Automated Spinal MRI Labelling from Reports Using a Large Language Model

📄 arXiv: 2410.17235v1 📥 PDF

作者: Robin Y. Park, Rhydian Windsor, Amir Jamaludin, Andrew Zisserman

分类: eess.IV, cs.CL, cs.CV

发布日期: 2024-10-22

备注: Accepted to Medical Image Computing and Computer Assisted Intervention (MICCAI 2024, Spotlight). 11 pages plus appendix

期刊: vol 15005, 2024, pp 101-111

DOI: 10.1007/978-3-031-72086-4_10

🔗 代码/项目: GITHUB


💡 一句话要点

提出基于大型语言模型的脊柱MRI报告自动标注流程,用于辅助诊断。

🎯 匹配领域: 支柱九:具身大模型 (Embodied Foundation Models)

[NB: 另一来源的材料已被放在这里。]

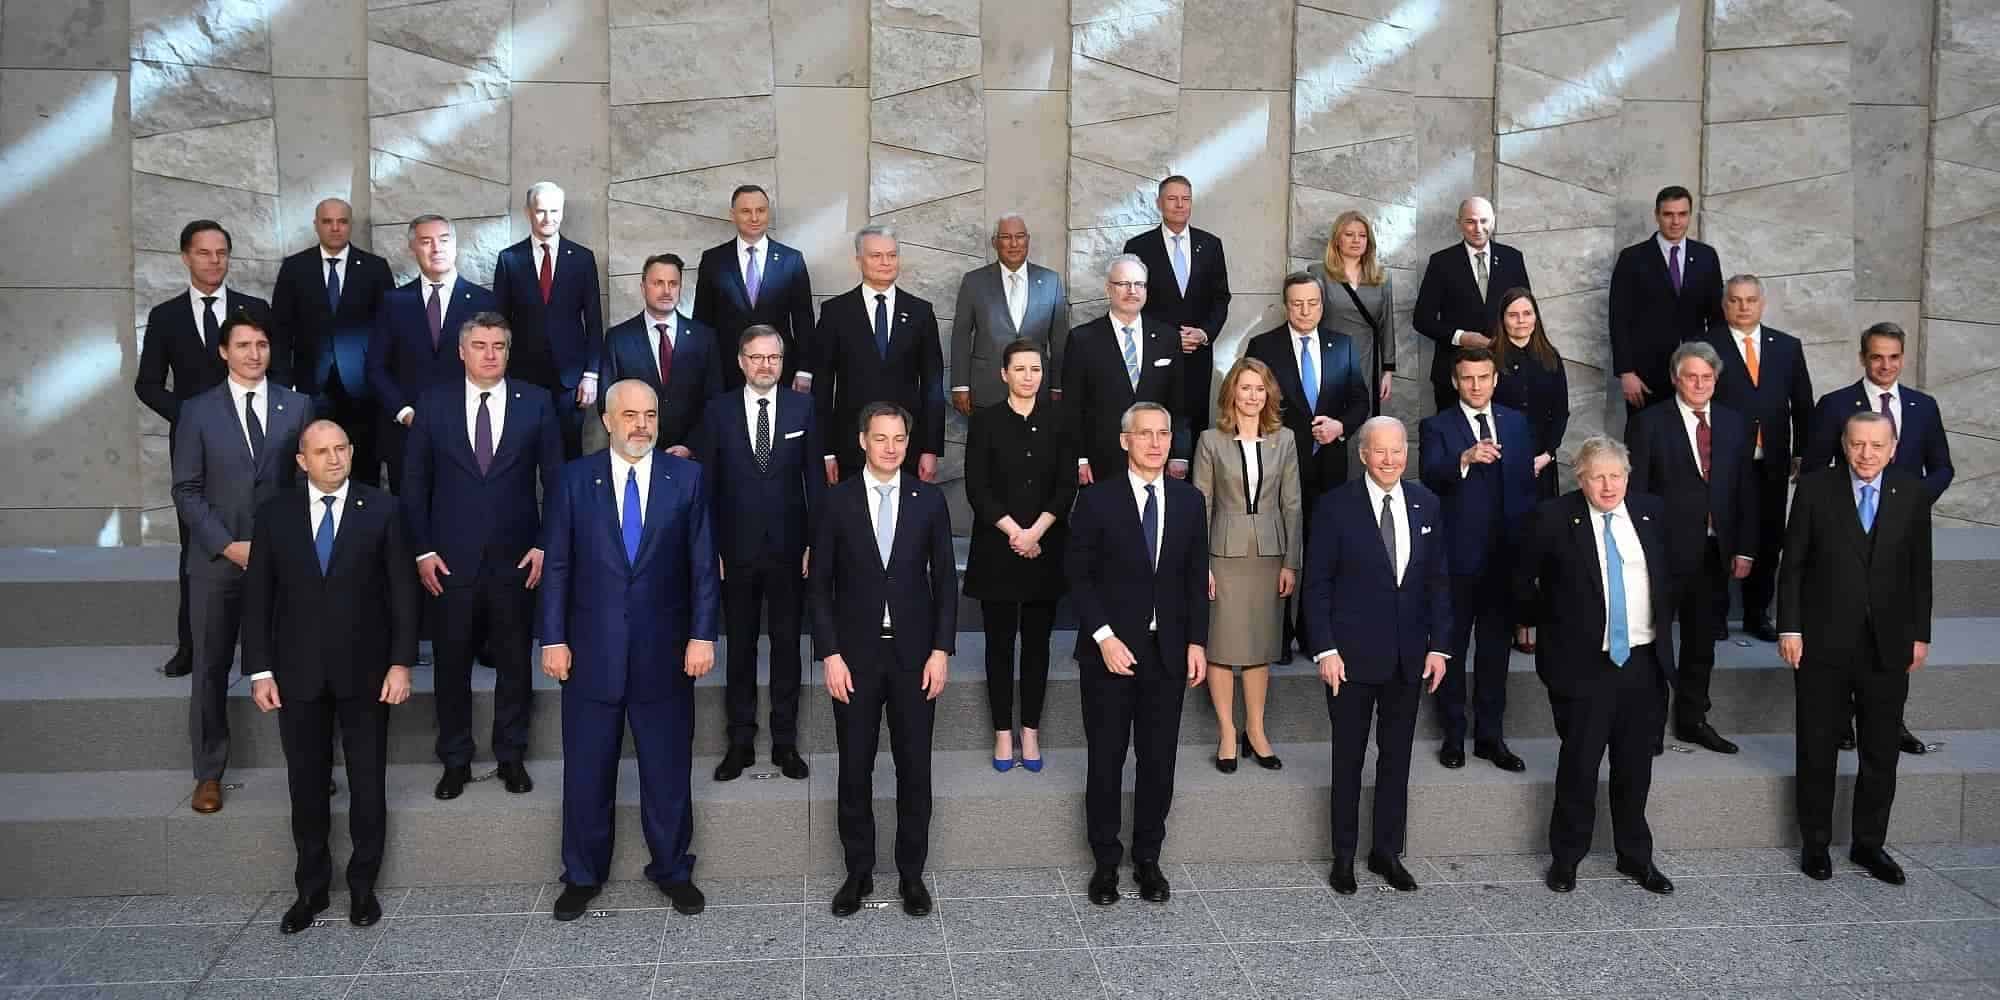 Οι αρχηγοί κρατών του ΝΑΤΟ στέκονται μαζί για μια οικογενειακή φωτογραφία κατά τη διάρκεια της έκτακτης Συνόδου Κορυφής του ΝΑΤΟ

关键词: 脊柱MRI 自动标注 大型语言模型 放射学报告 医学影像分析

📋 核心要点

  1. 放射学报告包含大量信息,但人工标注耗时耗力,阻碍了医学影像分析模型的训练。
  2. 利用大型语言模型理解报告文本,自动提取病症标签,从而降低标注成本并提高效率。
  3. 实验表明,自动标注训练的模型性能与人工标注模型相当,验证了该方法的可行性。

📝 摘要(中文)

本文提出了一种通用的流程,利用大型语言模型自动从放射学报告中提取标签。该方法在脊柱MRI报告上进行了验证,针对五种不同的病症:脊柱癌、椎管狭窄、脊椎滑脱、马尾神经受压和椎间盘突出。使用开源模型,该方法在保留的报告集上达到了与GPT-4相当甚至更好的性能。此外,研究表明提取的标签可用于训练图像模型,以分类相应MR扫描中识别出的病症。所有使用自动标注训练的分类器都达到了与使用临床医生手动标注的扫描训练的模型相当的性能。代码已开源。

🔬 方法详解

问题定义:论文旨在解决脊柱MRI图像分析中,人工标注报告耗时费力的问题。现有方法依赖人工阅读报告并提取标签,效率低下且容易出错,限制了大规模数据集的构建和深度学习模型的训练。

核心思路:论文的核心思路是利用大型语言模型(LLM)的自然语言理解能力,自动从放射科医生撰写的报告中提取结构化的标签信息。通过训练LLM理解报告中的医学术语和上下文,实现对病症的自动识别和标注。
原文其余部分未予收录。